[Source data]
[Start of section]

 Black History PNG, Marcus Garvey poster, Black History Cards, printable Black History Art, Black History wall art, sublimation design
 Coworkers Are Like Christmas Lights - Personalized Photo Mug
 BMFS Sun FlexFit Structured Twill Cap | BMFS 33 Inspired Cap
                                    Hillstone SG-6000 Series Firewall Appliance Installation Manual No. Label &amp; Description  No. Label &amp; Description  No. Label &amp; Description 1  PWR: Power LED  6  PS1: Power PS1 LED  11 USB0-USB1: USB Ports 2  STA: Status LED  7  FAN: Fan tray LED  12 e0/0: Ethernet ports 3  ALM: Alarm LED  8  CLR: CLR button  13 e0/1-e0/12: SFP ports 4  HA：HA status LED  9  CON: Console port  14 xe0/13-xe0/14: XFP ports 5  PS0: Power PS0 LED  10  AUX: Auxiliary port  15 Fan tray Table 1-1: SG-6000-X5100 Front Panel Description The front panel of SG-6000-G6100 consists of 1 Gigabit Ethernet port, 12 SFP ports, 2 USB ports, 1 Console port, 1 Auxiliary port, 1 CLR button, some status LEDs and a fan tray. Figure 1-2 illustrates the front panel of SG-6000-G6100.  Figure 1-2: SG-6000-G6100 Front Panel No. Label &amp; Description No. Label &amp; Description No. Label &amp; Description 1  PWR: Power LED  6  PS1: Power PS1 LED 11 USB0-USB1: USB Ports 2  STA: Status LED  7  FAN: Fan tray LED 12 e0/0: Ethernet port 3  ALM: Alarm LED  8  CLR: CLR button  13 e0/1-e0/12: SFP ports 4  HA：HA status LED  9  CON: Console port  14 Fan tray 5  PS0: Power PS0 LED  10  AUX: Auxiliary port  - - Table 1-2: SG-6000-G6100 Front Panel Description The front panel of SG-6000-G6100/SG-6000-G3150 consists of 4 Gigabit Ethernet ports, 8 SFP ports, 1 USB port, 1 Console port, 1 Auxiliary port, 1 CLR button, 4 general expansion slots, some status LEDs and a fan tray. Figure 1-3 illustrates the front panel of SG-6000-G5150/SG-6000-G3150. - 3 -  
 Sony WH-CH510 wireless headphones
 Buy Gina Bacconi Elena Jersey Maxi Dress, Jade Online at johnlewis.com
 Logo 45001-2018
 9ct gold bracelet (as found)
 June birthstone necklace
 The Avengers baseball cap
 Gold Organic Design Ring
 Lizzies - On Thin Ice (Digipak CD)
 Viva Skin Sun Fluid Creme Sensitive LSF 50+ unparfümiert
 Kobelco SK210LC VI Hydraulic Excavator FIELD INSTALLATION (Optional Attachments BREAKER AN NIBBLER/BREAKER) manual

[End of section]

_Exercise prompt_
Copy out every line of the data above, exactly as given.

_Answer to this task_
 Black History PNG, Marcus Garvey poster, Black History Cards, printable Black History Art, Black History wall art, sublimation design
 Coworkers Are Like Christmas Lights - Personalized Photo Mug
 BMFS Sun FlexFit Structured Twill Cap | BMFS 33 Inspired Cap
                                    Hillstone SG-6000 Series Firewall Appliance Installation Manual No. Label &amp; Description  No. Label &amp; Description  No. Label &amp; Description 1  PWR: Power LED  6  PS1: Power PS1 LED  11 USB0-USB1: USB Ports 2  STA: Status LED  7  FAN: Fan tray LED  12 e0/0: Ethernet ports 3  ALM: Alarm LED  8  CLR: CLR button  13 e0/1-e0/12: SFP ports 4  HA：HA status LED  9  CON: Console port  14 xe0/13-xe0/14: XFP ports 5  PS0: Power PS0 LED  10  AUX: Auxiliary port  15 Fan tray Table 1-1: SG-6000-X5100 Front Panel Description The front panel of SG-6000-G6100 consists of 1 Gigabit Ethernet port, 12 SFP ports, 2 USB ports, 1 Console port, 1 Auxiliary port, 1 CLR button, some status LEDs and a fan tray. Figure 1-2 illustrates the front panel of SG-6000-G6100.  Figure 1-2: SG-6000-G6100 Front Panel No. Label &amp; Description No. Label &amp; Description No. Label &amp; Description 1  PWR: Power LED  6  PS1: Power PS1 LED 11 USB0-USB1: USB Ports 2  STA: Status LED  7  FAN: Fan tray LED 12 e0/0: Ethernet port 3  ALM: Alarm LED  8  CLR: CLR button  13 e0/1-e0/12: SFP ports 4  HA：HA status LED  9  CON: Console port  14 Fan tray 5  PS0: Power PS0 LED  10  AUX: Auxiliary port  - - Table 1-2: SG-6000-G6100 Front Panel Description The front panel of SG-6000-G6100/SG-6000-G3150 consists of 4 Gigabit Ethernet ports, 8 SFP ports, 1 USB port, 1 Console port, 1 Auxiliary port, 1 CLR button, 4 general expansion slots, some status LEDs and a fan tray. Figure 1-3 illustrates the front panel of SG-6000-G5150/SG-6000-G3150. - 3 -  
 Sony WH-CH510 wireless headphones
 Buy Gina Bacconi Elena Jersey Maxi Dress, Jade Online at johnlewis.com
 Logo 45001-2018
 9ct gold bracelet (as found)
 June birthstone necklace
 The Avengers baseball cap
 Gold Organic Design Ring
 Lizzies - On Thin Ice (Digipak CD)
 Viva Skin Sun Fluid Creme Sensitive LSF 50+ unparfümiert
 Kobelco SK210LC VI Hydraulic Excavator FIELD INSTALLATION (Optional Attachments BREAKER AN NIBBLER/BREAKER) manual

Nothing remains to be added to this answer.